Endpoint Tool Execution UX Use Case
/chat (SSE) Unreliable - tools after text may not execute Real-time text Not recommended
/chat/sync 100% reliable - all tools execute Typewriter animation Production use

Why sync is preferred:

  1. State persistence reliability: Streaming has a Pydantic AI limitation where tools called after text is emitted may not execute. This means update_pc() calls for HP, location, or inventory changes can be silently dropped.

  2. Typewriter provides similar UX: The frontend animates the sync response character-by-character at ~180 chars/sec, providing a similar "streaming" feel while guaranteeing all tool calls complete.

  3. Simpler error handling: Sync responses are atomic - either the full response succeeds or fails.
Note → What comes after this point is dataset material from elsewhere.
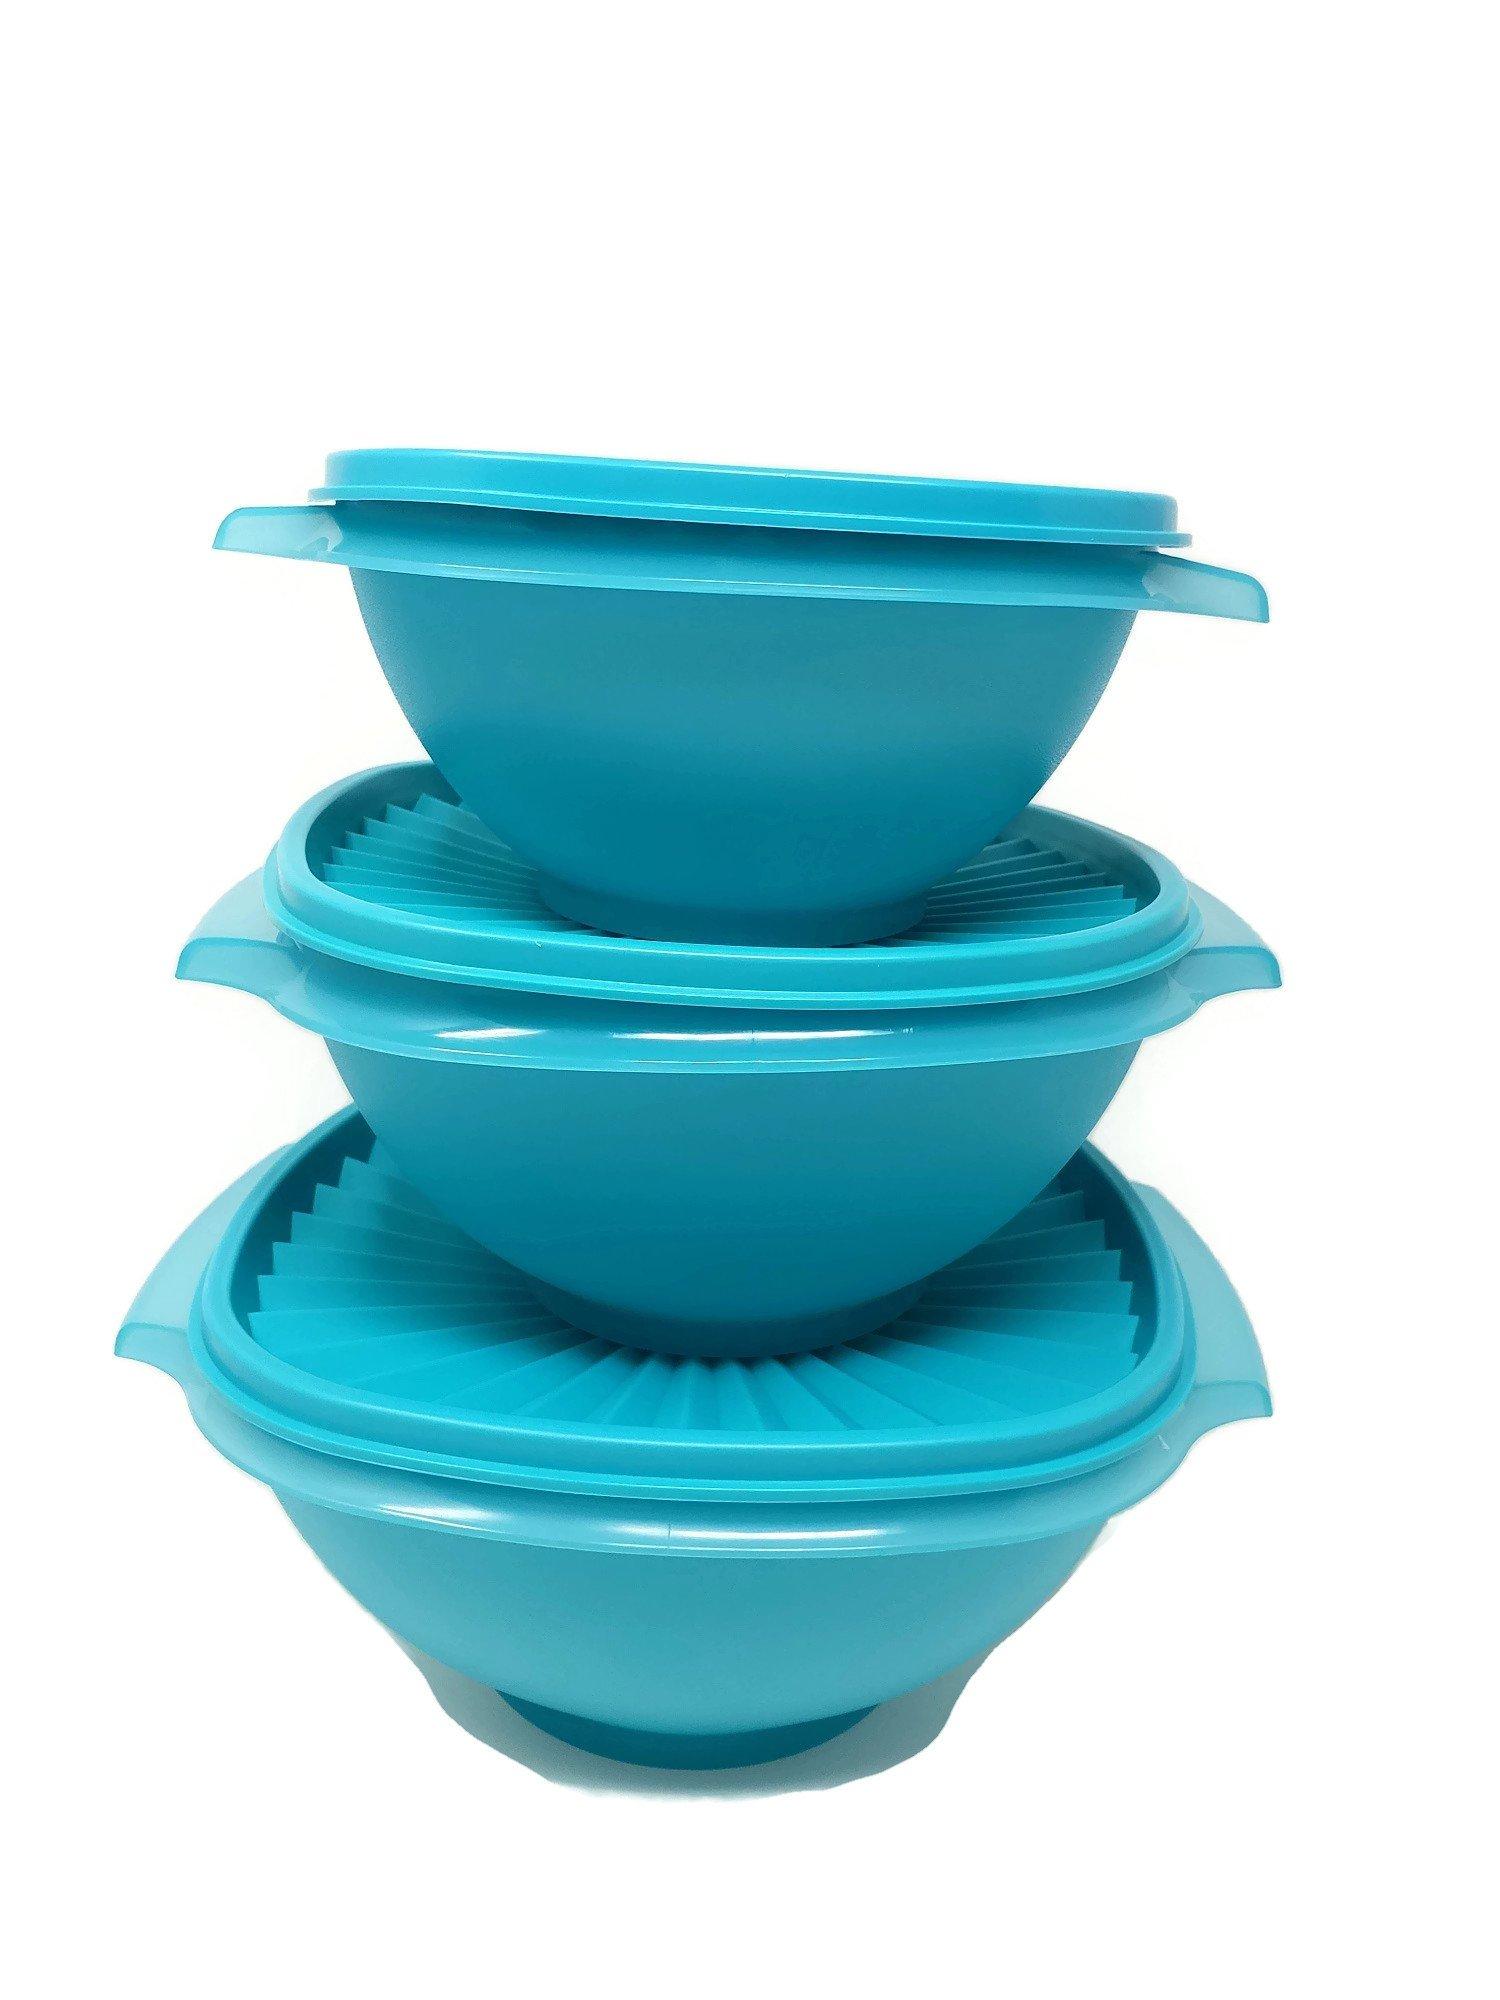 Tupperware Servalier 3 pc. bowl set

No partial state from interrupted streams.

Implementation (rpg-web/src/components/rpg/runtime-provider.tsx):

// Fetch complete response from sync endpoint
const response = await fetch(`/api/campaigns/${campaignId}/chat/sync`, {...});
const { response: text, session_id } = await response.json();

// Animate with typewriter effect (~60fps, 3 chars per frame)
animateTypewriter(text, messageId, () => setIsRunning(false));

Campaign Management

  • GET /campaigns - List campaigns
  • POST /campaigns - Create campaign from seed

Entity Operations

  • GET /campaigns/{id}/entities/{type} - List entities
  • GET /campaigns/{id}/entities/{type}/{id} - Get entity
  • POST /campaigns/{id}/entities/{type} - Create entity

PC Management

  • GET /campaigns/{id}/pc - Get PC state
  • PATCH /campaigns/{id}/pc - Update PC state

Dice

  • POST /campaigns/{id}/dice/roll - Roll dice

Configuration

Environment variables: - RPG_CAMPAIGNS_PATH - Path to campaign vault mount - LLM_PROVIDER - "openrouter" or "openai" - OPENROUTER_API_KEY - API key for OpenRouter - OPENROUTER_MODEL - Model ID (default: deepseek/deepseek-chat) - POSTGRES_* - Supabase connection details

Deprecated Features

Macro Tools

The macro tools (introduce_npc_bundle, quick_npc, apply_batch) were created to work around AnythingLLM's one-tool-per-turn limitation. With Pydantic AI supporting multiple tool calls natively, these are deprecated.

The routes remain for backwards compatibility but should not be used for new development.